Jessica Gispert works in elements, similar to the way a bruja mottles ingredients for an enchantment. For this exhibition, wax, a medium for ritual practices in religions all over the world, takes on paint-like properties. With it Gispert leans toward the sensual appeal of painting’s history in abstraction while retaining wax’s symbolic and scientific associations. To assemble her wax paintings, she starts with a round steel armature into which she pours many layers of wax and pigments, embedding plant materials, objects and candle wicks. One title is an incantation, Devuélvenos, for replenishment and restoration. This piece’s title alludes to how the destructive path of tropical cyclones can also bring benefits to our natural environment. The beholder lights the painting. In this, its most active state, the moment of chemical change and meditation is one and the same. “The wax for me at this moment is not only ceremonial and ritualistic, but also symbolic of the passage of time and disintegration, much like memory.”

It is for memory’s sake that Gispert suspends in wax materials from Latin American and Caribbean folklore and shamanistic practices. She began referencing what was most personal, with memories of family and Cuba, then expanded her view, collecting impressions from mythologies of the Global South. In a small collage called Ofelia (2023), Gispert’s paternal grandmother is beneath a Ceiba tree. She died before Gispert was born, and so her magic conveys only through black and white photographs and family stories. Her abuela was Cuban, as were other family members who connect Gispert to Cuba and to Afro-Cuban spiritual practices at a remove. Another piece, a wall sculpture called La Catorce (2023), is an abstraction of her maternal grandmother. She lived on 14th Street in a typically Caribbean house, bound – or protected – by iron grates. Gispert has poured wax into the spaces between the bars, like stained glass. Rectangles of mango orange flank the center one, which depicts fluffy white clouds in an azure sky. 

These pieces’ dreamlike abstraction connects to wax’s physical properties, its ability to melt what was once solid. At about 2 am, there comes the time of waking dreams, when as Gispert says, “the unexplainable starts to happen.” The word for this in Spanish is desvelos, the show’s title, and it evokes “the space where imagination and the unseen come to life.”  

Gispert associates the labor-intensive process of building up the surfaces of her wax paintings with the developing process in studio photography, another dark space for thinking. Furthermore, she notes relationships between process-heavy artistic practices, alchemy, and the Afro-Atlantic rituals she remembers from her youth in both Miami and New Jersey amongst Cuban American communities. She made this connection more recently, when she was studying and teaching in Germany. In 2017, after four years there, she began seeking out research and social connections to her personal background. One that, like many expatriates, was thrown into relief by living in a place and culture so utterly different. There, she discovered an active community of Santeria practitioners , consisting of both Cubans and Germans. She began revisiting patakís, the sacred stories of Santería— mythologies that underwent their own kind of emulsion, having grown from the memories of enslaved Africans. Like a spray of seed, these practices adapted to new homes in the Caribbean, South Florida, New Jersey and more as the diaspora continued to grow. It was this search to discover more about her spiritual lineage that brought Gispert back to Miami. She was looking for an answer to her questions about the relationships between chemistry, abstraction and ritual.

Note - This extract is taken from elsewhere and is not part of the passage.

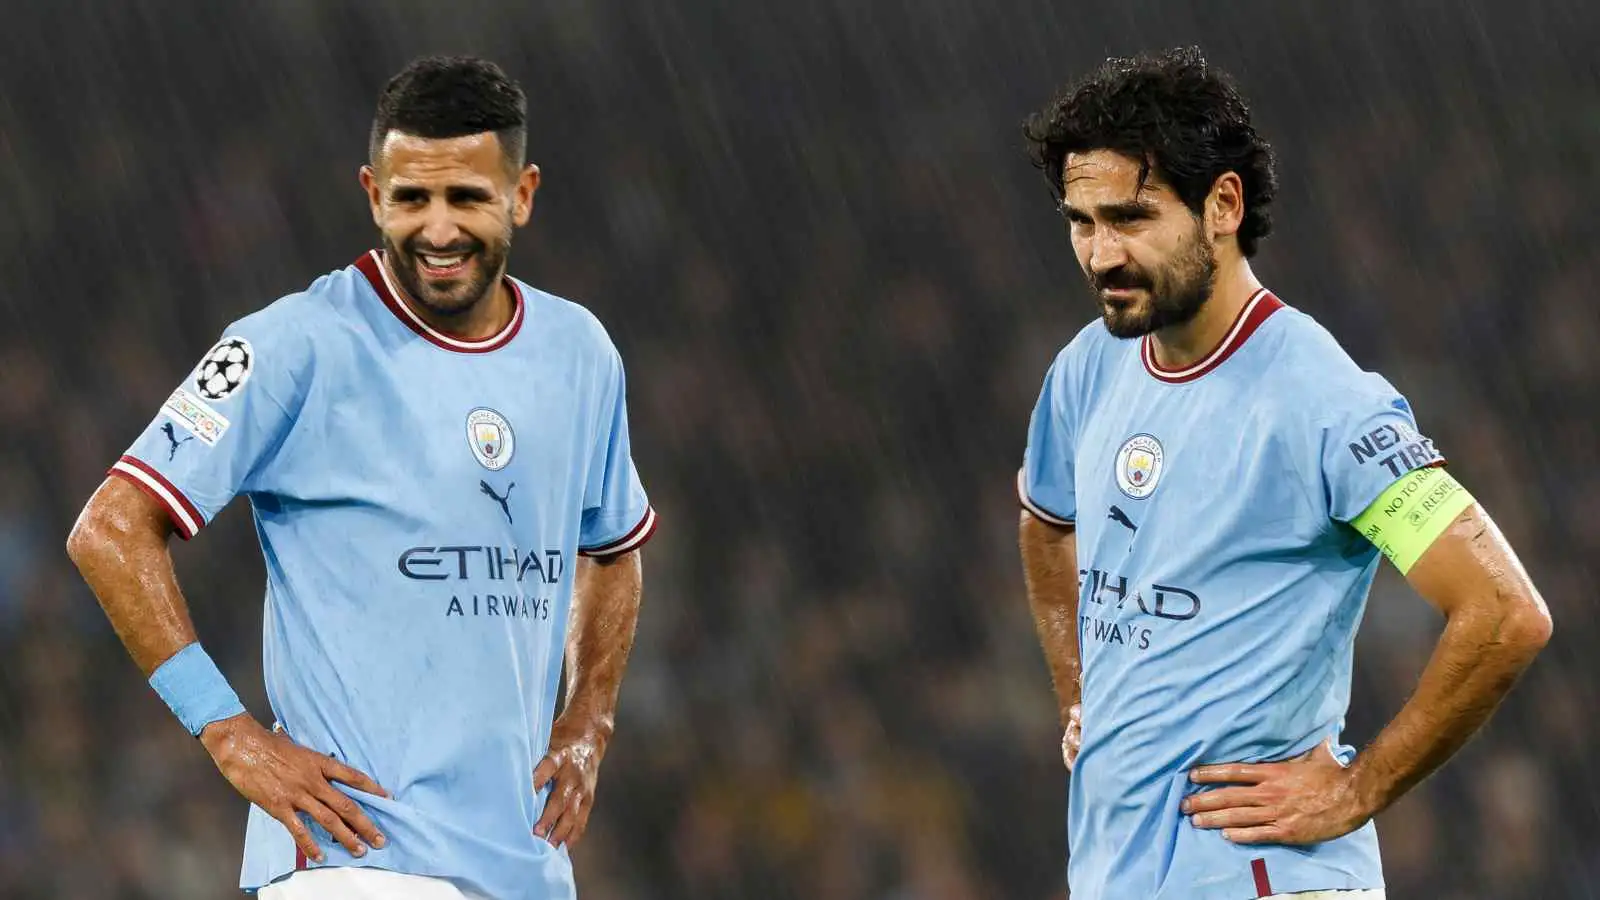 Riyad Mahrez and Ilkay Gundogan representing Manchester City

The heft of her wax paintings answer these questions with force. After she finishes building up the layers of wax, objects and pigments, she bores holes in them. They have a celestial aspect, Gispert says, and the holes can be rips in time and space, or core-samples, depending on your perspective. She has embedded wicks in them, so that the beholder can light the painting, enacting a change from solid to liquid. She writes, “The ritual of lighting the candle in this case would be for protecting and healing the spirit. Symbolically, the melting wax alludes to the passage of time and transubstantiation. ” With works in wax, Gispert emulsifies, processes and enacts the state of being “on the periphery of spirituality, exploring silent parts of your identity.”